Sunday, April 12, 2015

The Cure for the Chronic Life - Read 52 Books in 52 Weeks - Week 15

This is one of the books that I am reading for the Spiritual Practices from A to Z and Read 52 Books 52 Weeks challenges that I am doing this year.


The book is actually a 40-day spiritual treatment plan and devotional guide that provides practical daily connections life lessons. I began doing the daily reflections and journal writing, and then stopped - ironically - because I had too much to do with leading a 4-H club, the barn quilt trail, and upcoming events and field trips with 4-H.

If anything, it made me realize that I do need to create more balance in the next school year so that the things and people I value aren't taking second place to activities I am volunteering for - however worthy and interesting they are to me.

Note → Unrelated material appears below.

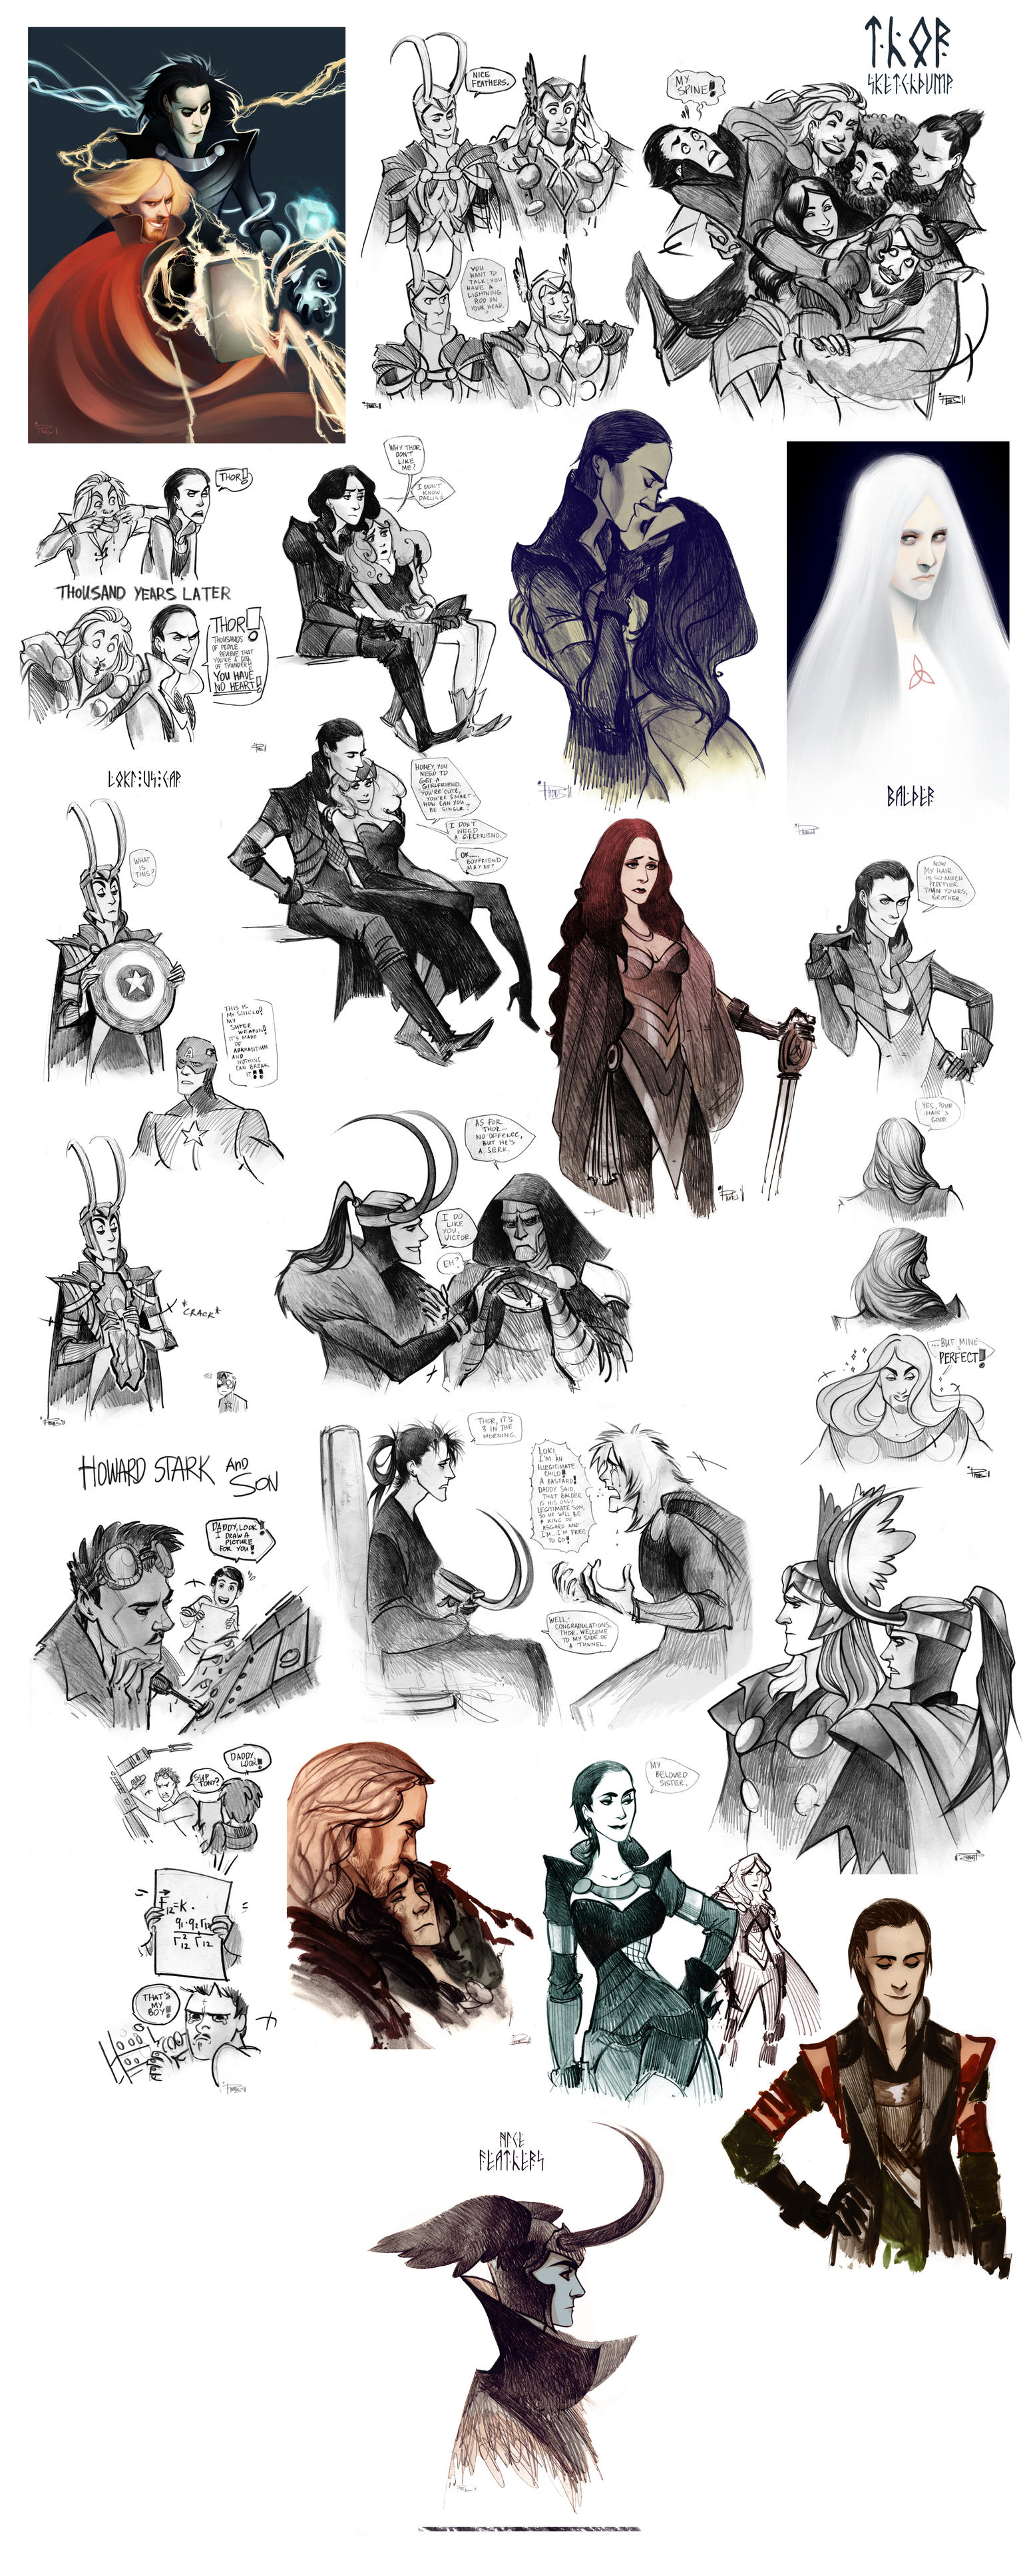 Thor sketchdump III by Phobs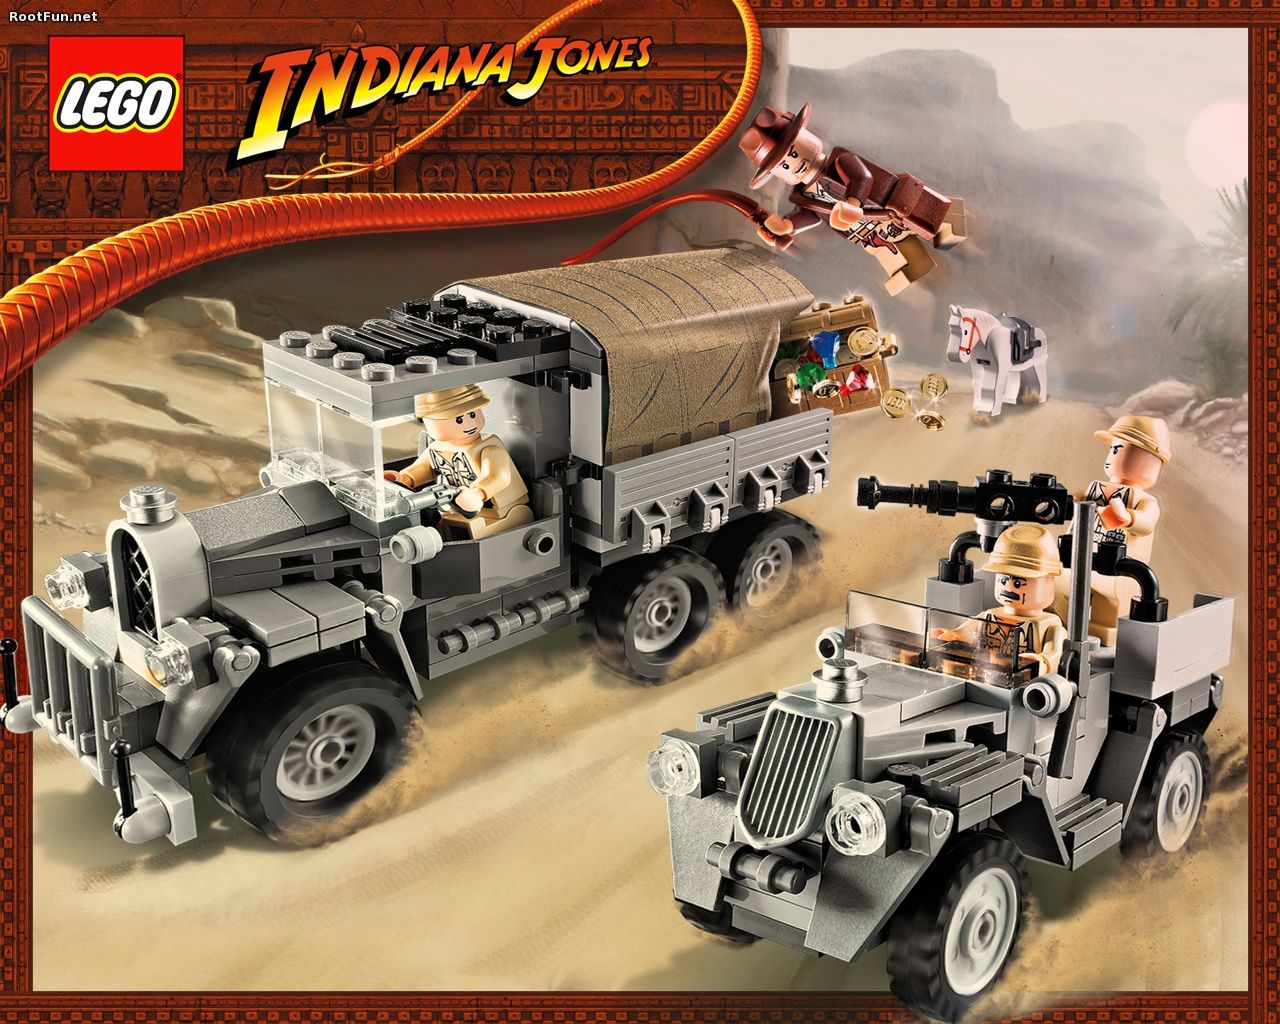 lego indiana jones - Google Search  f6c47c9a9c8

From the book, there were some general things that I wanted to remember:

- The "unanswered life" of broken relationships or misguided intentions of habitual patterns of poor decisions , or of the wrong answers from the start invariably disrupts our relationship with...one another, because, as the effects grow, our natural tendency is to turn "inward" and to focus more and more on our own self-interests.
- A new direction in life: compassion, understanding, response, and encouragement. Each of these four categories provides a different way to view the world, to disconnect from our self-destructive patterns.
- The first letters of each of the four categories of answers form the word CURE.
- We find ourselves living in the trenches of warfare or in the ruts of complacency. Either way, we are unable to become what...is so deeply inside each of us.
- We must survive and so, in response, we learn to live chronically in crisis. And these patterns give birth to worries that permeate every corner of our lives.
- To often, or as human nature is expected to do, we focus on these worries of life and remain hostage to the whims of this world. And all the while, our souls are craving something more, something different. We crave awe and wonder. We are built for such, to run and to praise - not to be tied down by the meaningless goals and broken relationships.
- Most chronic patterns do not start overnight. We do not wake up one morning with a brand-new chronic illness. No, the symptoms develop over time and become debilitating. The result is a life lived at 50 percent power or possibility.
- Depression signals a degree of loneliness that permeates one's soul. You can see it on her wherever she is. At times it debilitates her; at other times it runs her life in quiet ways, not peering above the surface, but you are always sure it is there. When she feels like this, she is fragile and insecure. Life seems to control her or, at the very least, she is held hostage by the day.
- But the other side of the coin is just as dangerous. During these times, she sparks her strength and moves into the world with a fierceness that is strong and certain. But she is not well enough for the battle; she puts up a good fight but ultimately realizes she has taken on an enemy that is much stronger than she is. During these times, our friend will empty herself, usually for nothing much in particular, until she runs out of steam and is left drained ' elsecally and emotionally.
- What do you do with a secret or a broken heart or an addiction that is too much for you to deal with or even admit? Most people who are addicted to drugs or alcohol live extremely functional lives. And yet, they are always on the edge. Life has pushed them there, and they teeter between the next hit and the next plunge.
- The chronic life is very much like this. We remain in these patterns long enough, and they almost take on the air of addictive behavior - a habit too much to handle or break.
- For every season, there is a beginning and an ending. Beginnings are easy. Endings? Not so much. Life has seasons.
- Compassion: it literally means "go beyond one's own struggles to recognize the struggles of others." We can't throw off the chronic life until we have moved out of our own way and are prepared to see the other side of the story through someone else's perspective.
- Understanding: the chronic life limits us in our thinking; in our impressions of the world; in how we see ourselves and others.
- Response: Love is the binding factor of faith and of this new life.
- Encouragement: Means becoming the blessing. The chronic life is the opposite, with the focus on us.
- The real goal and purpose of compassion is not just one single set of kindness. It is a recasting of the situation so that kindness becomes the predominant frame for how a person moves forward from there.
- Maybe your life needs a U-turn today - a place, an occasion, an opportunity to stop going in the same direction that has led to so many problems, and to try something new.